Hypertension is associated with the imbalance of
vasoconstrictor and
vasodilator systems. Vasodilation is usually evaluated in isolated blood vessels, but except for
nitric oxide (NO), relatively little attention is given to the in vivo efficiency of particular
vasodilator mechanisms. The aim of our study was to evaluate the contribution of endogenous
vasodilator prostanoids, Ca(2+)-activated K(+) channels and NO to blood pressure (BP) maintenance in rats with three different forms of experimental
hypertension.
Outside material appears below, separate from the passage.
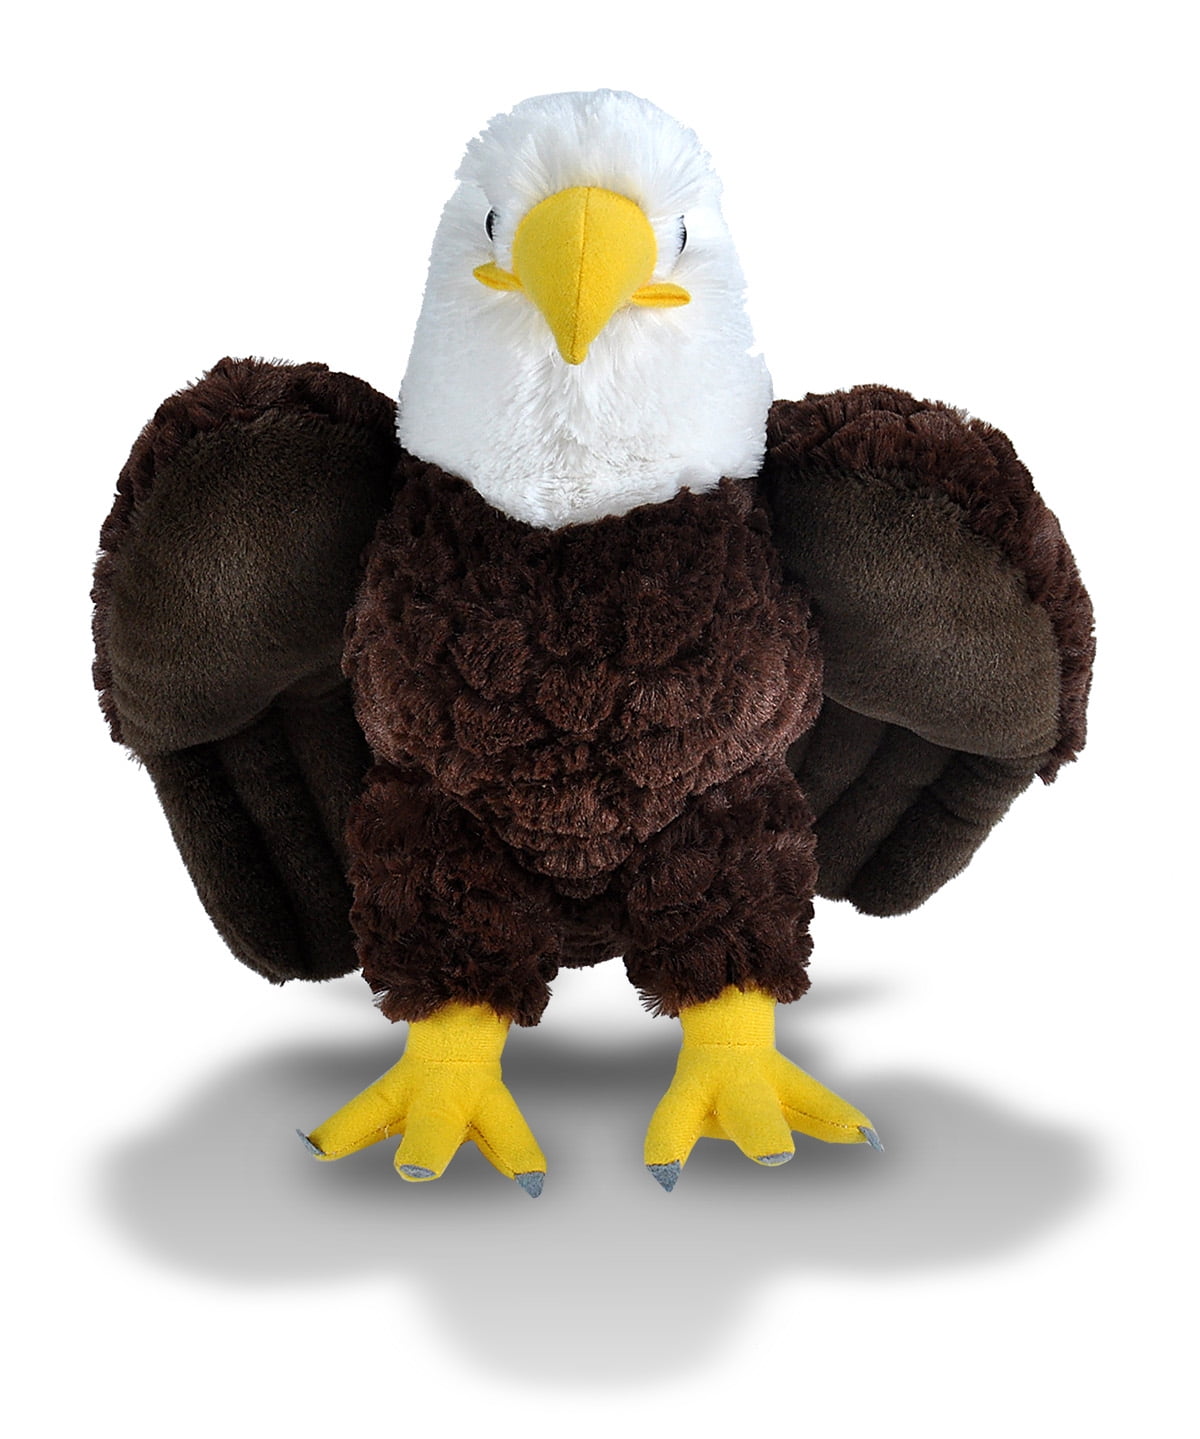 stuffed bald eagle

Both principal vasopressor systems (the renin-angiotensin system and the sympathetic nervous system) were blocked by
captopril and
pentolinium in conscious spontaneously hypertensive rats (SHRs), Dahl
salt-hypertensive (DS-HS) rats and rats with NO-deficient
hypertension, as well as in their normotensive controls. Thereafter, we monitored BP changes in rats subjected to either a sequential or an isolated blockade of
prostanoid synthesis by the non-selective
cyclooxygenase inhibitor,
indomethacin, of Ca(2+)-activated K(+) channels by
tetraethylammonium and of NO formation by
N(G)-nitro-L-arginine methyl ester. All three forms of experimental
hypertension were characterized by augmented sympathetic vasoconstriction. The vasodilatation exerted by endogenous
prostanoids and Ca(2+)-activated K(+) channels was enhanced in all forms of
hypertension, almost proportionally to BP elevation. On the contrary, NO-dependent vasodilatation was not enhanced in any form of experimental
hypertension, and there was a severe relative NO deficiency in both, SHRs and DS-HS rats. In conclusion, our data suggested that there is a compensatory activation of
vasodilator prostanoids and Ca(2+)-activated K(+) channels in rats with experimental
hypertension, whereas NO-dependent vasodilatation is not augmented. Thus, the overall activity of
vasodilator systems failed to compensate for augmented sympathetic vasoconstriction in hypertensive animals.